He holds up a finger, shaking his head. “Please, no flattery. You’re not here as a sycophant.
I’ve got plenty of those. Plenty. We’re intellectuals, Kit.
You and I. The world may not see it that way, but you have ideas .
That blog of yours — ah, that reminds me.
” He snaps a finger, holding out his hand, palm up. “Phone, please.”
“Oh, right, sorry.” I’ve been holding it in my sweaty hand this whole time. I wipe the phone surreptitiously on my skirt, and hand it over, his words circling giddily in my head: We’re intellectuals. You and I .
He grins, white teeth flashing, and drops the phone into his pants pocket. “Now, we’re free,” he says. “Nothing to distract, nothing to interfere.”
I’m not sure how to answer, so I just smile back.
I’m relieved when he finally finishes making our drinks and holds one out to me. I need to loosen up before he changes his mind about this whole thing and sends me packing.
“Tell me what you think,” Ian says, before sipping his own. He closes his eyes, adopting an expression of utter bliss. “Wow,” he murmurs. “Wow! Nothing better. Nothing better.”
I sip mine, hyper-aware of how heavy the glass is, how it must be crystal. The liquid slides easily down my throat, and I relish the warm burn. It has a strange licorice aftertaste, but it goes down smooth. “I like it, thank you.”
“Good,” he says. “Are you hungry?”
“I’m actually starving,” I admit. I’ve been too anxious to eat all day. But now that I’m here, sipping a Sazerac, the nerves are wearing off, and my appetite has come roaring back.
Ian grins. “You like steak?”
“Of course.”
He points at me. “Let me guess. Medium?”
“Rare, actually.”
He laughs. “Girl after my own heart. Two rare steaks, coming right up. We’ll talk while I cook.”
I follow Ian into the adjacent kitchen. I try to drink slowly, but every sip relaxes me. And I need to relax. I take a seat at a generous kitchen island with a black granite countertop and watch as Ian moves competently about the kitchen, pulling out ingredients.
“Do you cook often?” I ask.
“Hardly ever,” he says. “You like potatoes? Or salad?”
“I like both.”
He claps his hands together once. “Both! Good girl. So. The book. What’s your vision?”

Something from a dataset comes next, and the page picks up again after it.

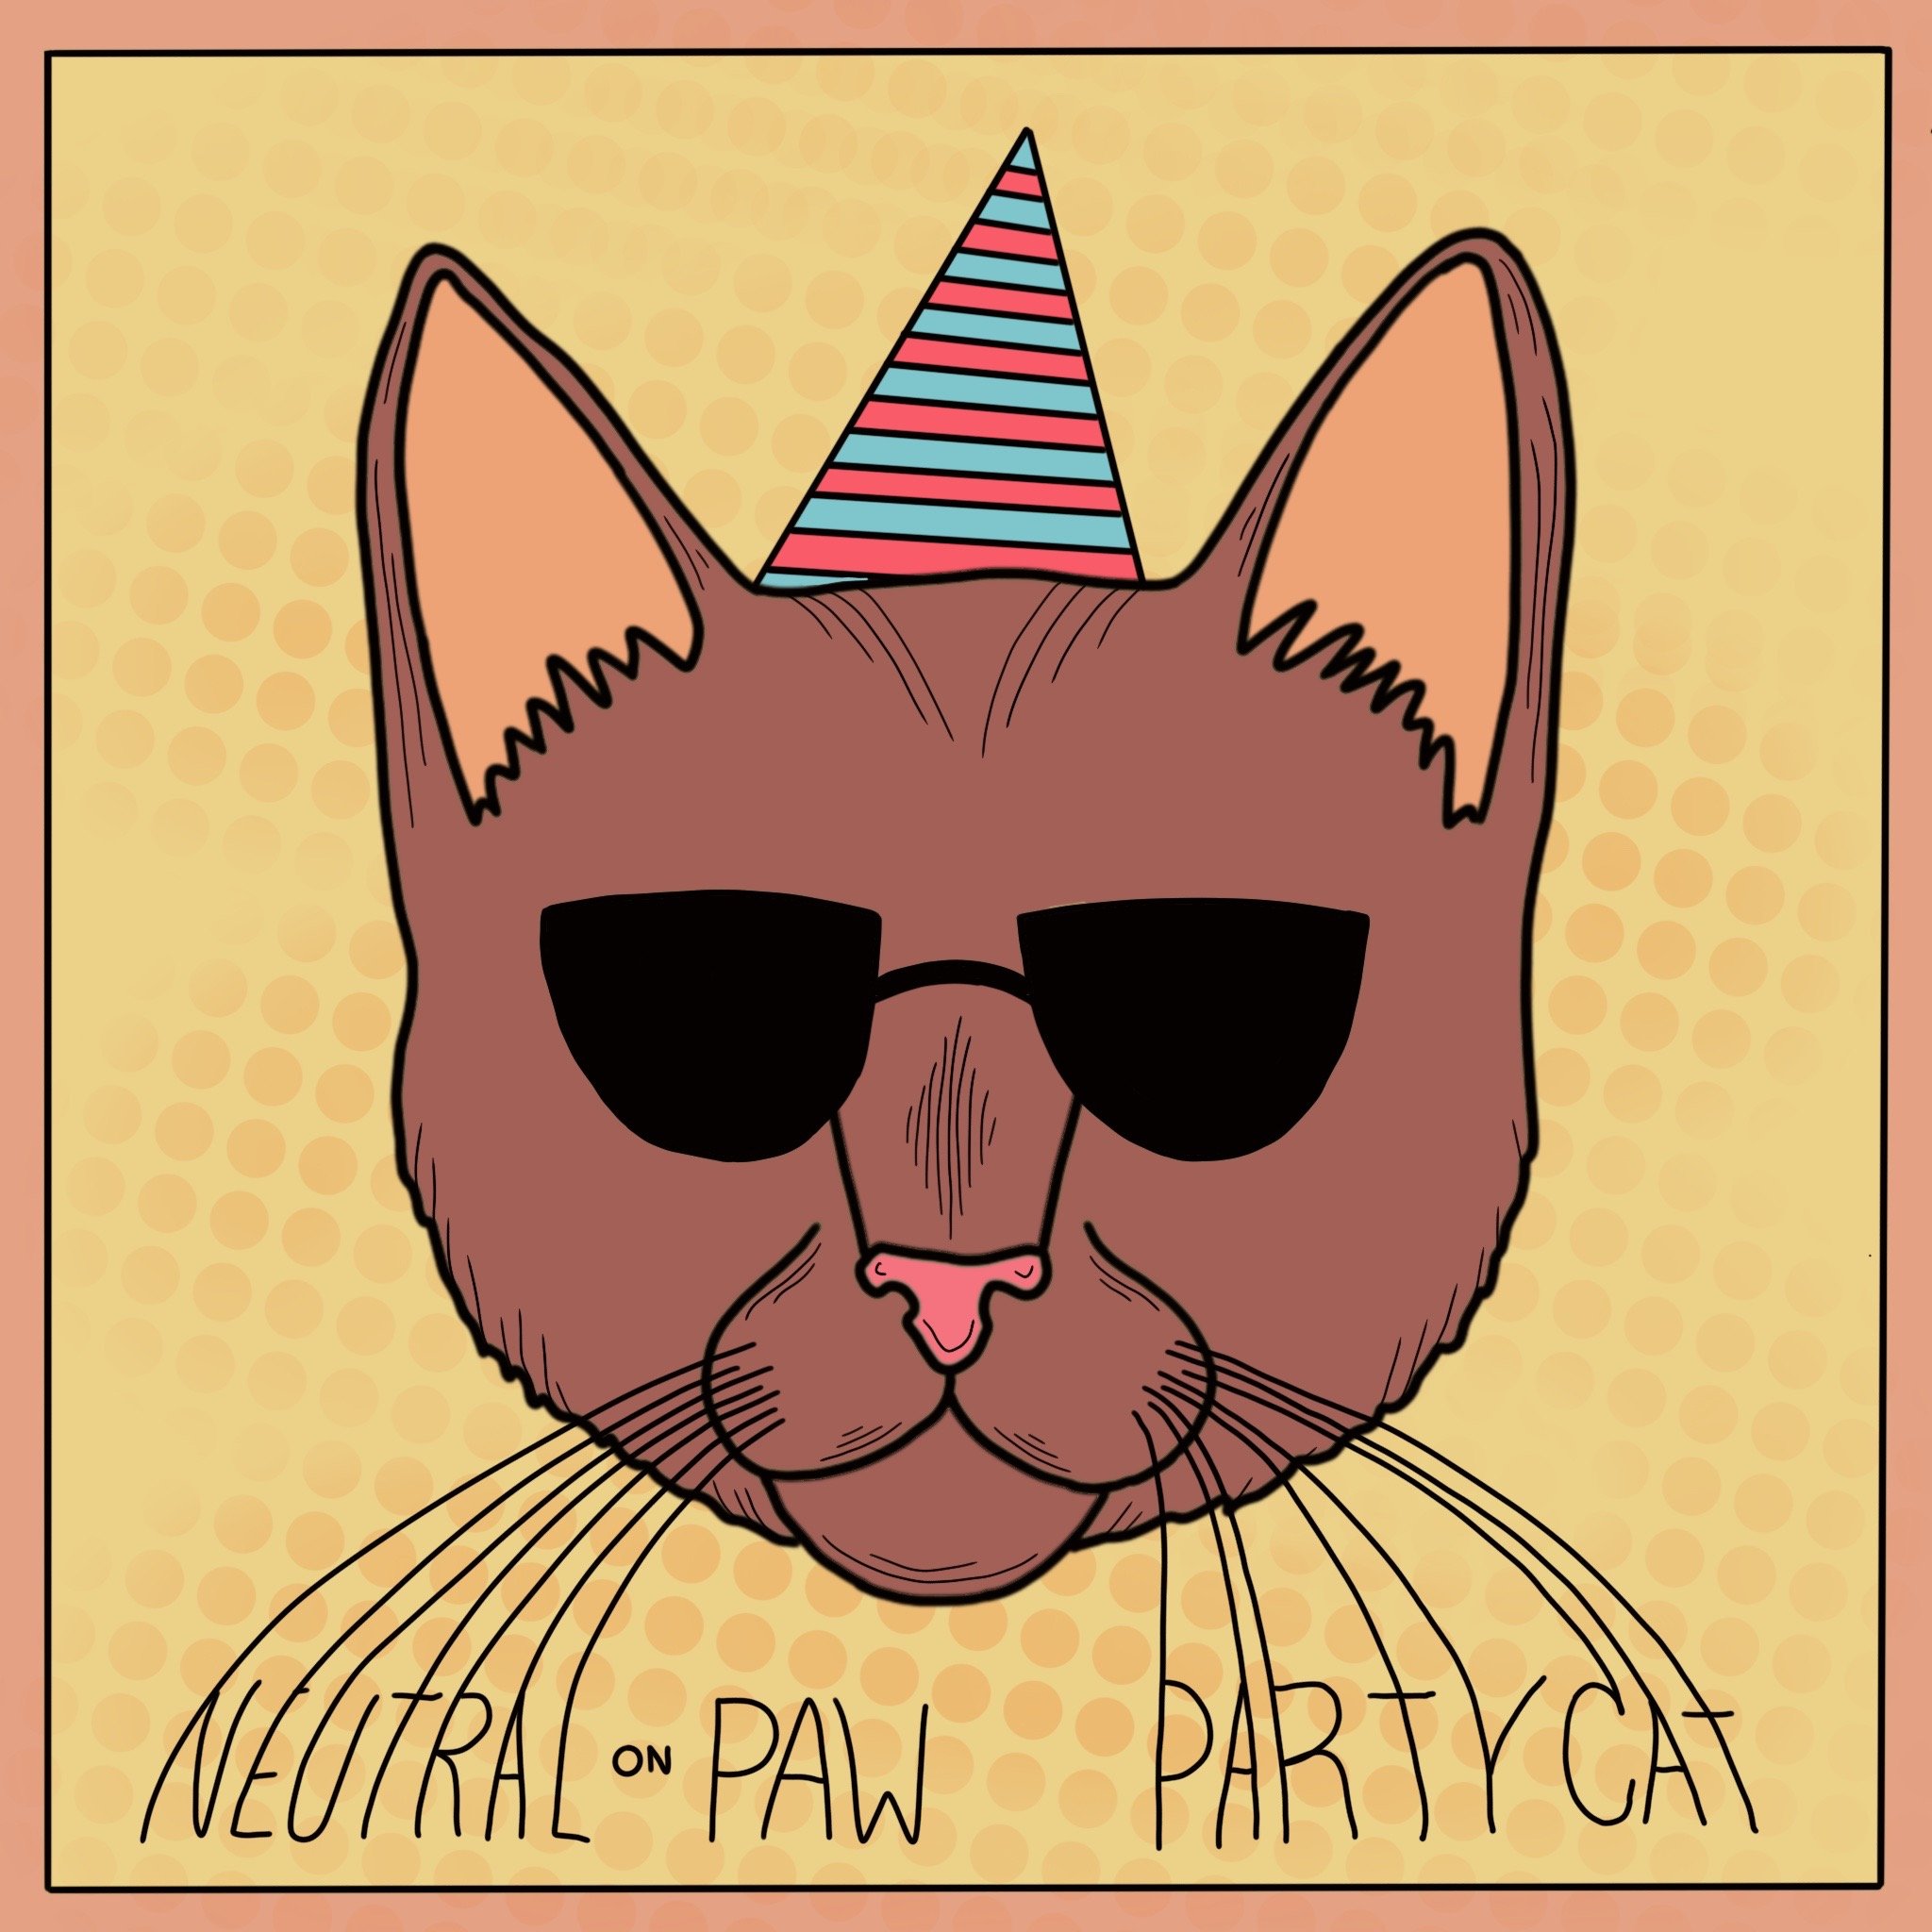 Neutral On Paul "Party Cat" Single Cover

“Oh,” I say, caught off guard. “I thought — I mean, I’m meant to be your ghostwriter, right? The vision should be yours. Do you need help with dinner?”
Ian, midway through chopping a head of garlic, pauses to shoot me a look over his shoulder. “I’m all good. I’m very particular about my food. And you’re not a ghostwriter. You’ll get full author credit. It’s a biography, not an autobiography. You read the contract, right?”
“Yeah, yeah,” I say hurriedly, the words sinking in. Full author credit . “Sorry, I’m just…”
“Drink up,” Ian says. “You’re nervous. I get it. Weird building, weird guy living in it, weird everything. I get it. But we’re friends now. Is that okay with you? We’re not coworkers; I’m not your boss. We’re friends. So, tell me. What’s the vision?”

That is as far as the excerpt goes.